#Le brief du 29 juillet 2025

Allianz Life : les données de « la majorité » des clients piratées

Le 29 juillet 2025 à 14h55

Visé par une cyberattaque le 16 juillet 2025, Allianz Life indique à TechCrunch que les données personnelles d’une « majorité » de ses clients états-uniens ont fuité.

L’attaque a été opérée par l’intermédiaire d’un système de gestion client (CRM) tiers.

D’après un représentant de l’entreprise, elle a permis, « par des techniques d’ingénierie sociale », d’obtenir l’accès à des informations personnelles de clients particuliers, financiers et professionnels d’Allianz Life, ainsi que de certains employés de l’assureur.

La filiale nord-américaine de l’assureur allemand compte 1,4 million de clients – Allianz en compte 125 millions à travers la planète.

La société est la dernière d’une liste croissante d’acteurs de l’assurance visés ces derniers mois par des cyberattaques. D’après des chercheurs de Google en juin, plusieurs de ces opérations portent les marques du collectif de hacker Scattered Spider.

Le 29 juillet 2025 à 14h55

Anthropic introduit de nouvelles limites à Claude pour contrer certains usages

Le 29 juillet 2025 à 11h16

Anthropic dit avoir enregistré une croissance significative dans l’utilisation de ses modèles Claude, tout particulièrement à travers Claude Code, son assistant d’aide au développement. Certains utilisateurs abuseraient cependant de leurs abonnements. Une personne aurait ainsi utilisé sa formule Max (200 dollars par mois) pour faire fonctionner Code durant des centaines de milliers d’heures.

La société affirme que ces comportements ont un impact sur la qualité de service pour l’ensemble des utilisateurs.
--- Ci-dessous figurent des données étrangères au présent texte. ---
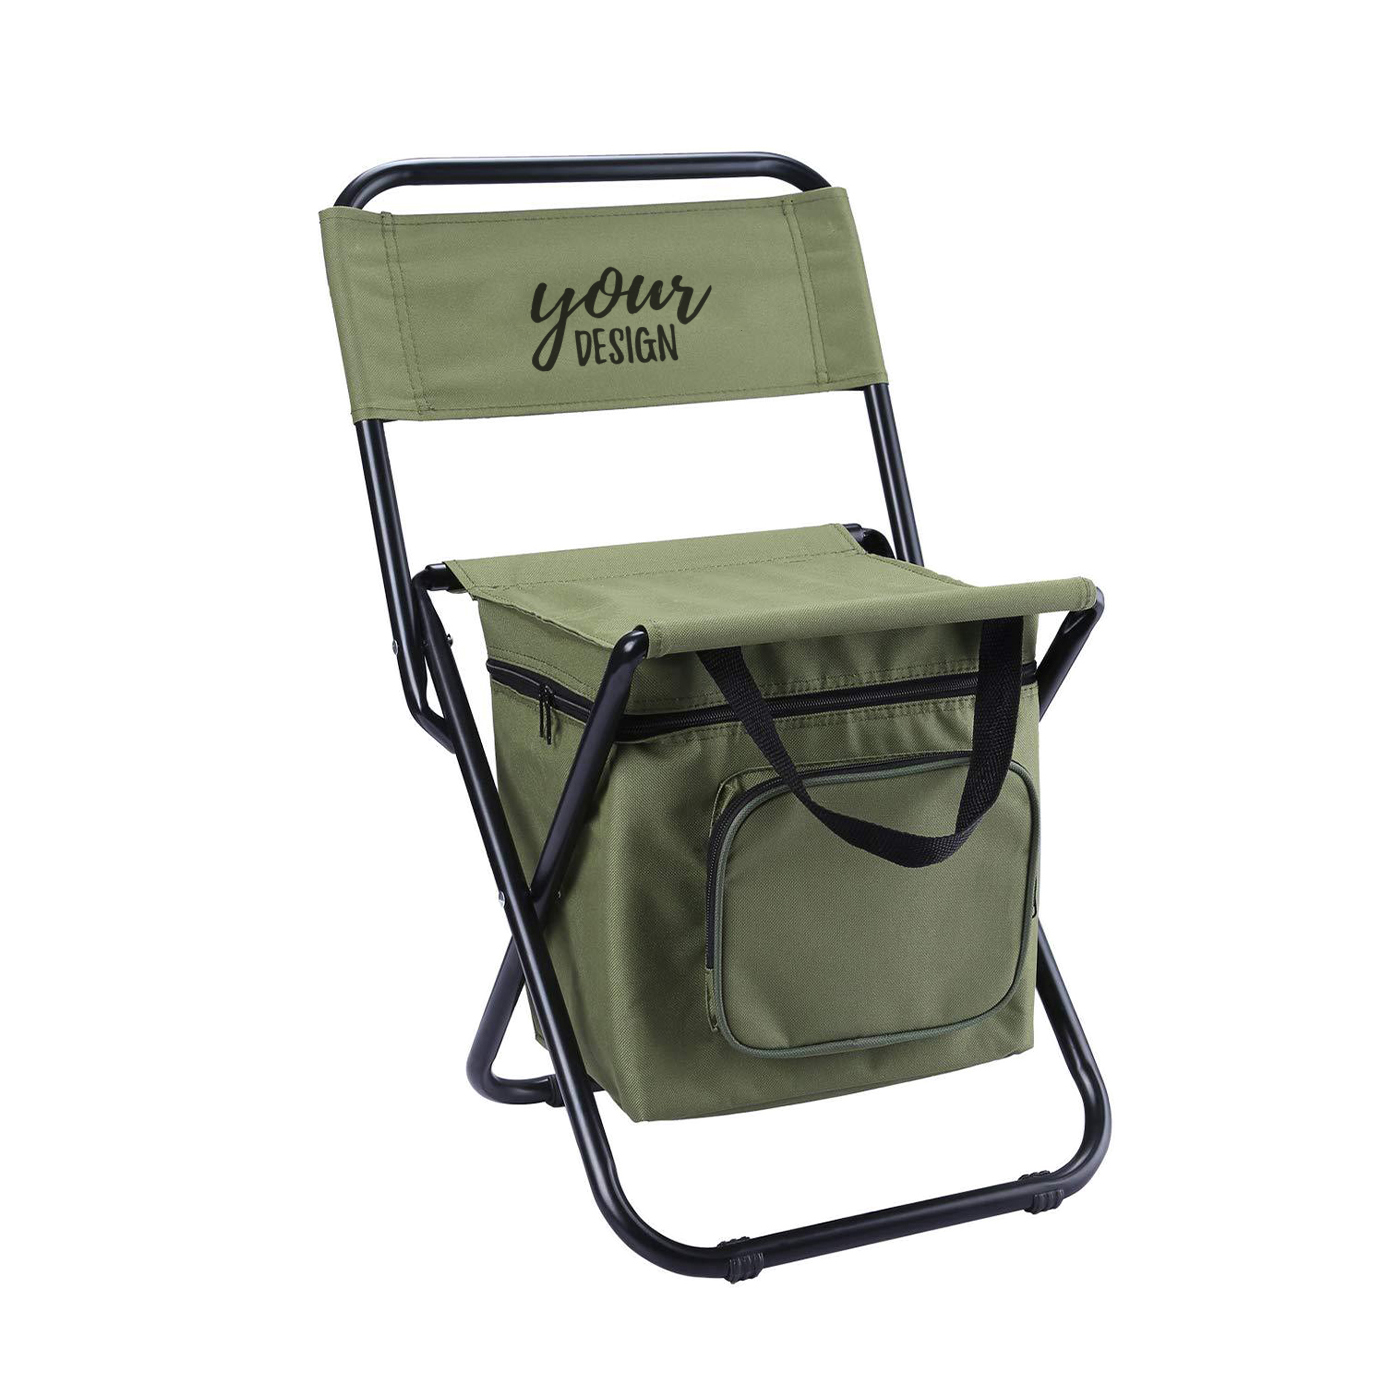 Folding Stool Chair With Cooler Bag1

En conséquence, elle introduit de nouvelles limites hebdomadaires, qui entreront en application le 28 août et viendront s’ajouter à l’actuelle limite de 5 heures par jour :

  • Abonnement Pro (18 euros par mois) : de 40 à 80 heures d’utilisation avec Claude Sonnet 4
  • Abonnement Max (90 euros par mois) : de 140 à 280 heures d’utilisation avec Sonnet 4 et de 15 à 35 heures avec Opus 4
  • Abonnement Max (180 euros par mois) : de 240 à 480 heures d’utilisation avec Sonnet 4 et 24 à 40 heures avec Opus 4

Anthropic assure que l’immense majorité des personnes abonnées ne verront aucune différence dans leur utilisation quotidienne. Ce changement serait destiné uniquement à contrer certains comportements abusifs, comme les partages de comptes et les utilisations continues 24/7. Selon l’entreprise, moins de 5 % des abonnés seraient affectés par ces changements.

Il est difficile cependant de se rendre compte de ce que ces limites impliquent vraiment, car la société communiquait surtout sur une base de jetons jusqu’à présent. La formule Max à 180 euros par mois est censée par exemple permettre 20 fois plus d’utilisation que l’abonnement Pro. Mais si on ramène la comparaison sur les heures annoncées, le facteur n’est plus que de 6.

Anthropic contacte actuellement toutes les personnes ayant un abonnement pour les avertir du changement. L’entreprise se dit prête à recevoir les retours sur ce dernier.

Le 29 juillet 2025 à 11h16

Une top model générée par IA dans Vogue, les standards de beauté en question

Le 29 juillet 2025 à 09h30

Pour la première fois, le magazine Vogue a publié une publicité dans laquelle la model n’était pas humaine, mais correspondait à des standards tout à fait classiques : grande, blonde aux yeux bleus, bronzée.

La marque Guess a recouru à l’IA pour générer le corps et le visage – littéralement irréels – destinés à mettre en valeur ses vêtements. La campagne a été créée par l’agence Seraphinne Vallora, qui s’est fendue d’une publication sur Instagram afin de se féliciter pour son travail.

Auprès de la BBC, la top modèle grande taille Felicity Hayward s’inquiète de la tendance que cette publicité pourrait lancer.

Depuis une dizaine d’années, les standards de plusieurs marques avaient évolué pour tenter d’intégrer un peu plus de diversité dans les représentations de corps et d’habillements dans les magazines et publicité de mode.

Plusieurs modèles avaient aussi pris position contre l’édition et la retouche abusive des photos de mode. 
Si les modèles générées par IA se généralise, s’inquiète Felicity Hayward et des représentantes d’associations de lutte contre les troubles de l’alimentation, le public pourrait chercher à atteindre des standards de beauté littéralement inatteignables, dans la mesure où les corps représentés n’existent pas.

Le problème est d’autant plus important que du côté des réseaux sociaux, le succès des filtres générés par IA pousse déjà de nombreux jeunes à recourir à la chirurgie esthétique pour faire ressembler leur visage aux reflets modifiés que leur renvoient leurs applications.